What to produce:
With the pictures left aside, write out exactly the lines of the listing below from the line with "Cupcake Divinity: 21st" to the line with "Italian Made Grey", both included, and only those.

Input for this task:
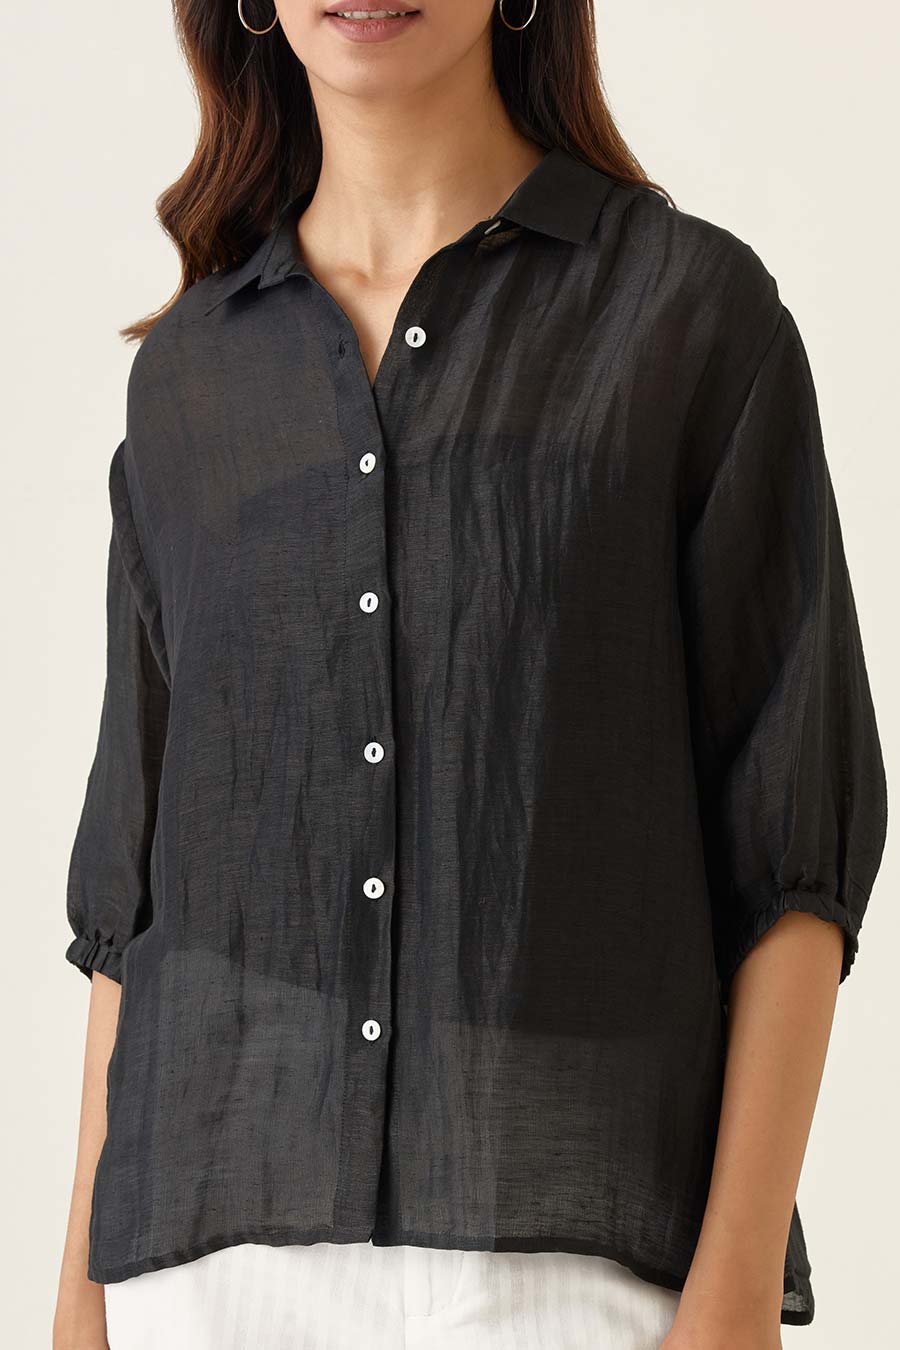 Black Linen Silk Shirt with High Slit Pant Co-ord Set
==
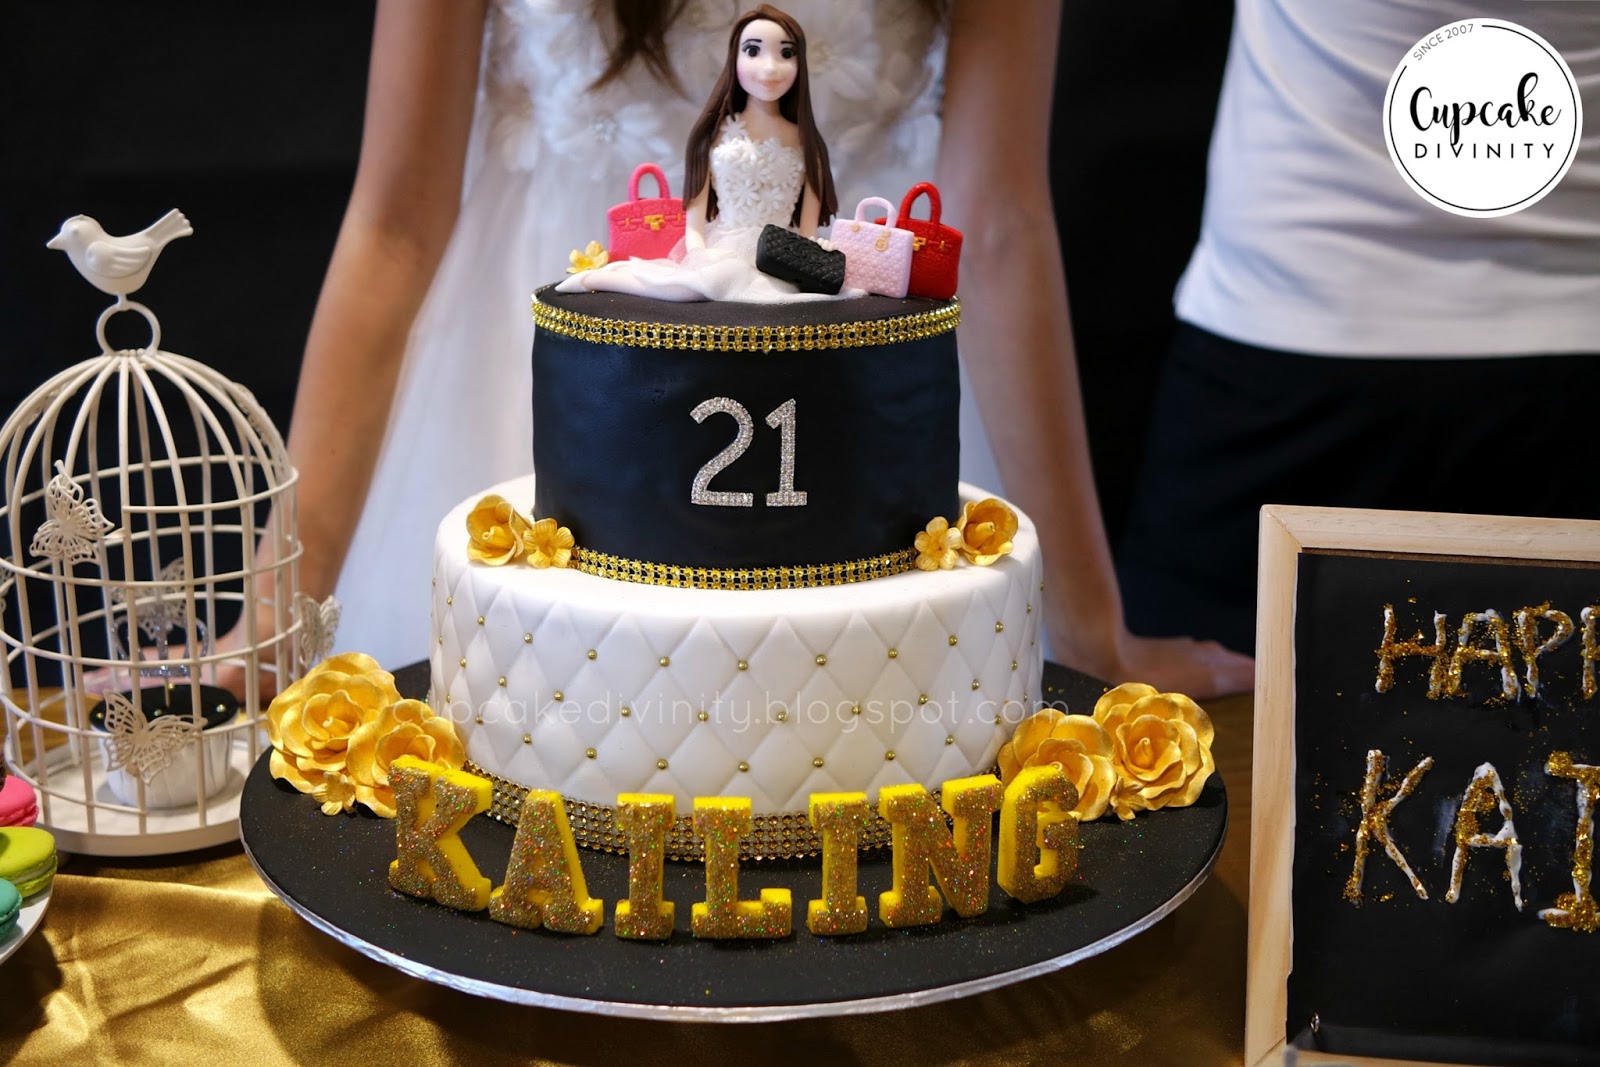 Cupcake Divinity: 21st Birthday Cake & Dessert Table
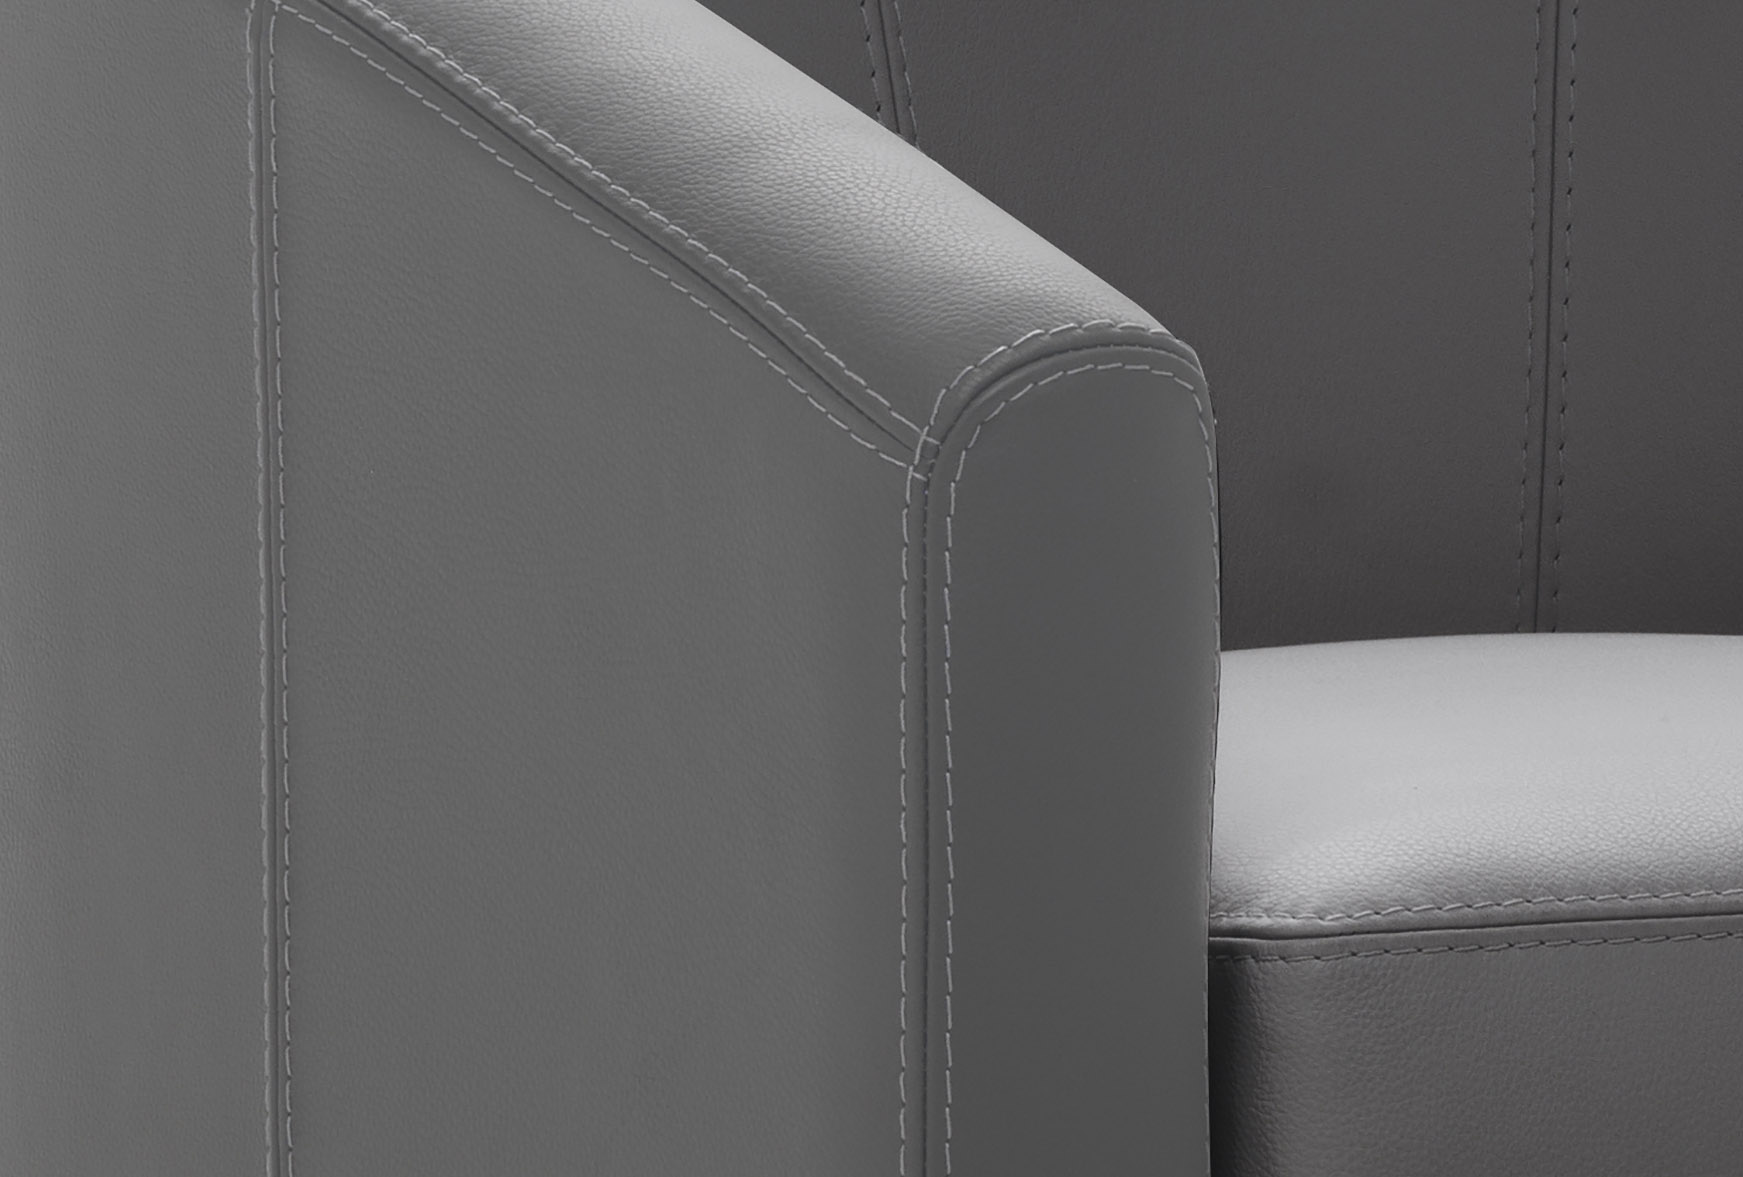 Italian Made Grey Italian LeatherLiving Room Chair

Answer to this task:
 Cupcake Divinity: 21st Birthday Cake & Dessert Table
 Italian Made Grey Italian LeatherLiving Room Chair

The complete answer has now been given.